Deshalb bin ich auch offener gegenüber dem U-Bahn-Bau als noch vor 15, 20 Jahren - da war ich nämlich wahrlich kein Freund der Berliner U5-Verlängerung. Und was soll ich sagen? Nun ist sie fertig, und gerade zwischen Alexanderplatz und Brandenburger Tor eher überfüllt als zu leer. (und die parallele S-Bahn kann sich auch nicht über Fahrgastmangel beklagen). Davon gehe ich bei der U2 zumindest bis zum Matzleinsdorfer Platz auch aus, bei der weiteren Verlängerung zum Wienerberg und dem westlichen U5-Abschnitt bin ich etwas skeptischer (was nicht heißt, dass ich grundsätzlich dagegen bin, eher noch nicht überzeugt).

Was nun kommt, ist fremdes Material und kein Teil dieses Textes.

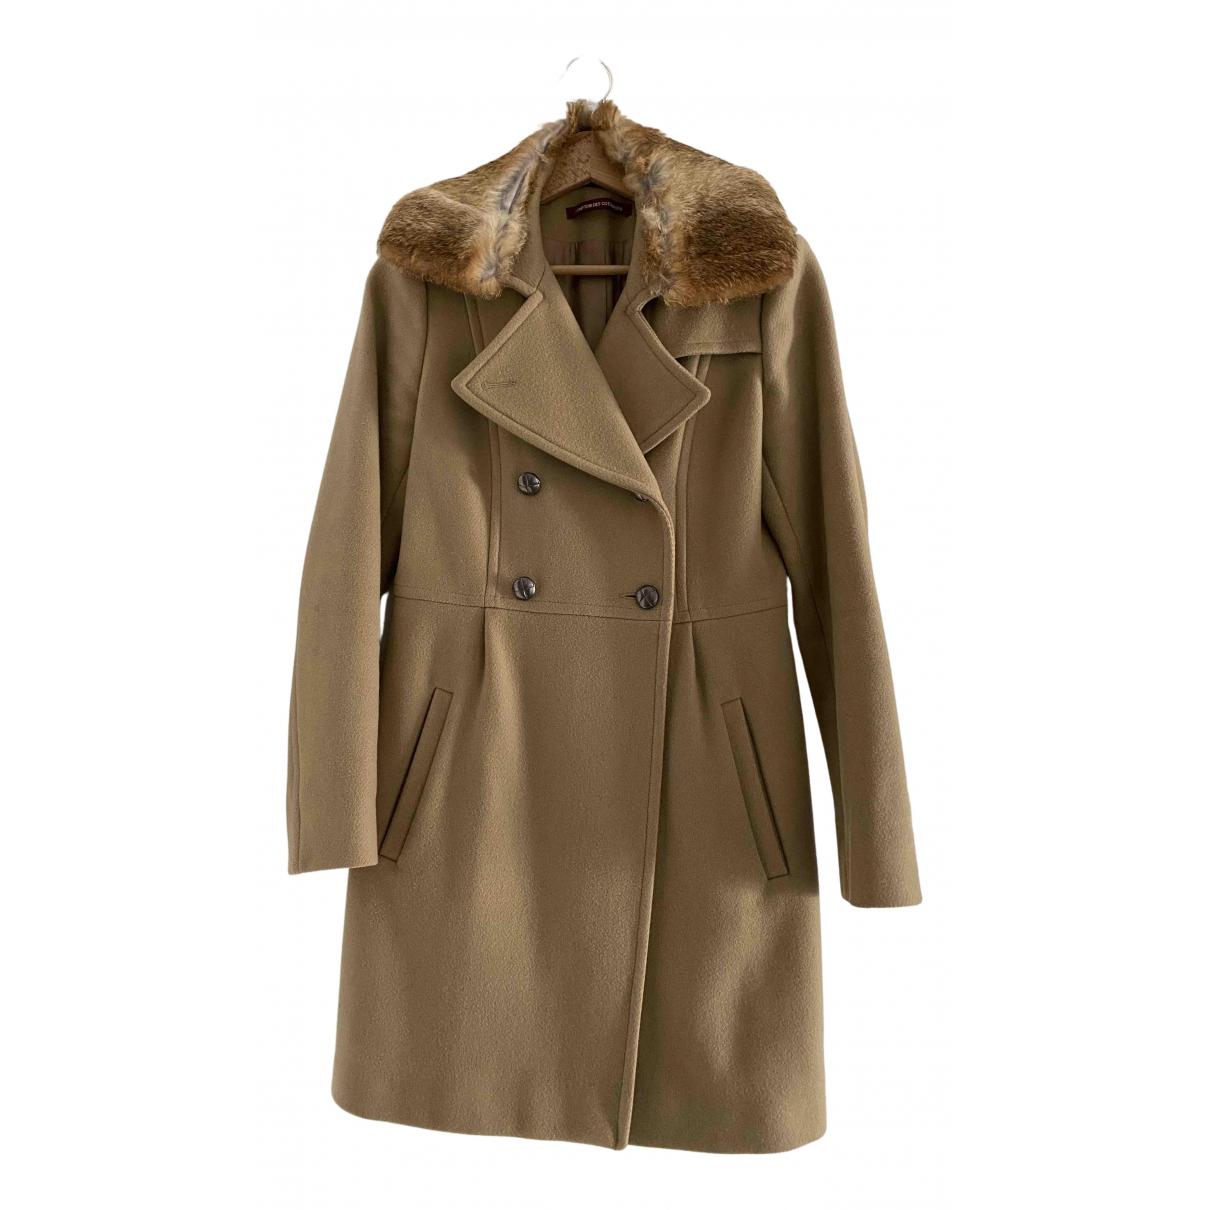 Comptoir Des Cotonniers N Beige Wool coat for Women 36 FR
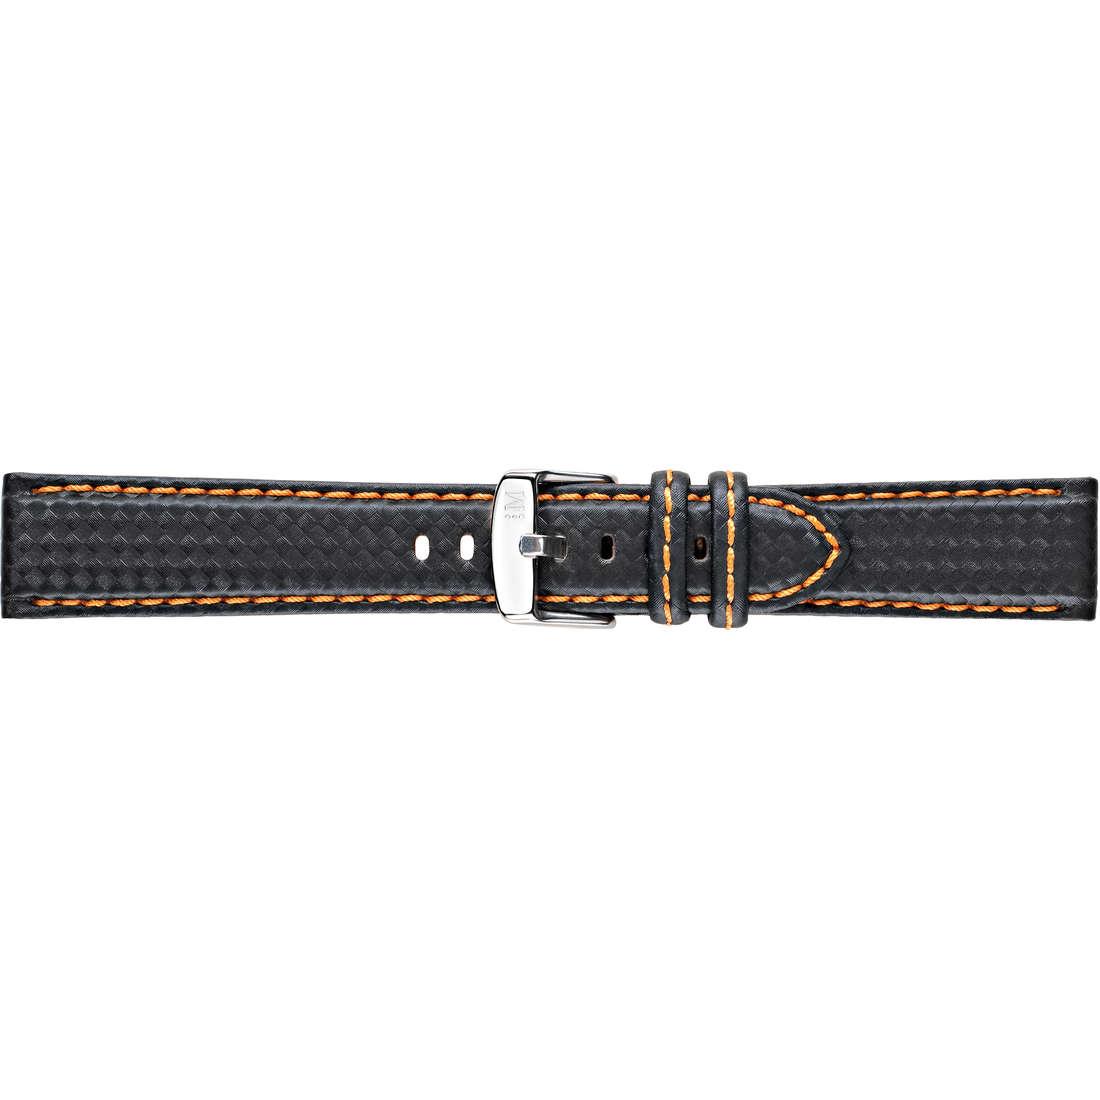 montre bande de montres homme Morellato Linea Sport A01U3586977886CR18

Die U2 auf den Wienerberg ist sinnvoll, weil es zwischen Bhf. Meidling und altem Landgut kein hochrangiges Verkehrsmittel gibt. Trotz zweier fetter Ausfallsstraßen (Triester, Laxenburger) und der Neilreichgasse. Gäbe es die Nachfrage nicht, würden zur Wienerberg City nicht 5 (!) Buslinien fahren und in der Nähe auch noch der 1er. Außerdem tut dem bevölkerungsreichsten Bezirk der Stadt eine zweite U-Bahn nicht weh. Auch der 21. und 22. haben zwei U-Bahn-Linien trotz weniger Einwohner.
Nicht alle Verkehrsaufgaben dieser Buslinien werden aber von der U2 übernommen. 7A und 15A bedienen eher tangentiale Verkehrsströme (aktuell deshalb ein paar radiale, weil im unmittelbaren Bereich der Wienerbergcity eine Radiale fehlt und sie als Zubringer zu U1 und Stammstrecke dienen), 7A und 65A lokale (Verbindung ins Bezirkszentrum am Reumannplatz), 63A stellt die Verbindung ins Meidlinger Zentrum her. Bei all dem hilft die U2 erstmal nicht viel.
Der 1er ist in diesem Bereich eher mäßig ausgelastet, wobei ich davon ausgehe, dass die Nachfrage mit Eröffnung des ersten U2-Abschnitts zum Matzleinsdorfer Platz spürbar steigt.
Die bloße Einwohnerzahl der Bezirke sagt außerdem erstmal recht wenig über die Notwendigkeit einer U-Bahn aus, relevant sind Siedlungsstruktur und Verkehrsströme entlang der geplanten Trasse. Auch die Zahl der U-Bahn-Linien ist nebensächlich, man kann mit einer Linie mehr Stationen bedienen als mit zwei - was übrigens beim Vergleich des 10. und 21 Bezirks auch der Fall ist: im 10. Bezirk gibt es mehr U-Bahn-Stationen (7) als im 21. (5).
Und letztlich geht es um das Verhältnis von Aufwand und Nutzen. Man hat zwar nun eine Trasse gewählt, die ihre Stationen an den Aufkommensschwerpunkten hat und bestenfalls durch die neue Führung des O-Wagens "gefüttert" wird, aber auch durch ihre durchgehende unterirdische Führung besonders teuer ist. Aber genau dieser hohe Aufwand gebietet es, dass die Züge ganztägig gut gefüllt sein sollten, nicht nur in der Hauptverkehrszeit - und da bin ich doch etwas skeptisch.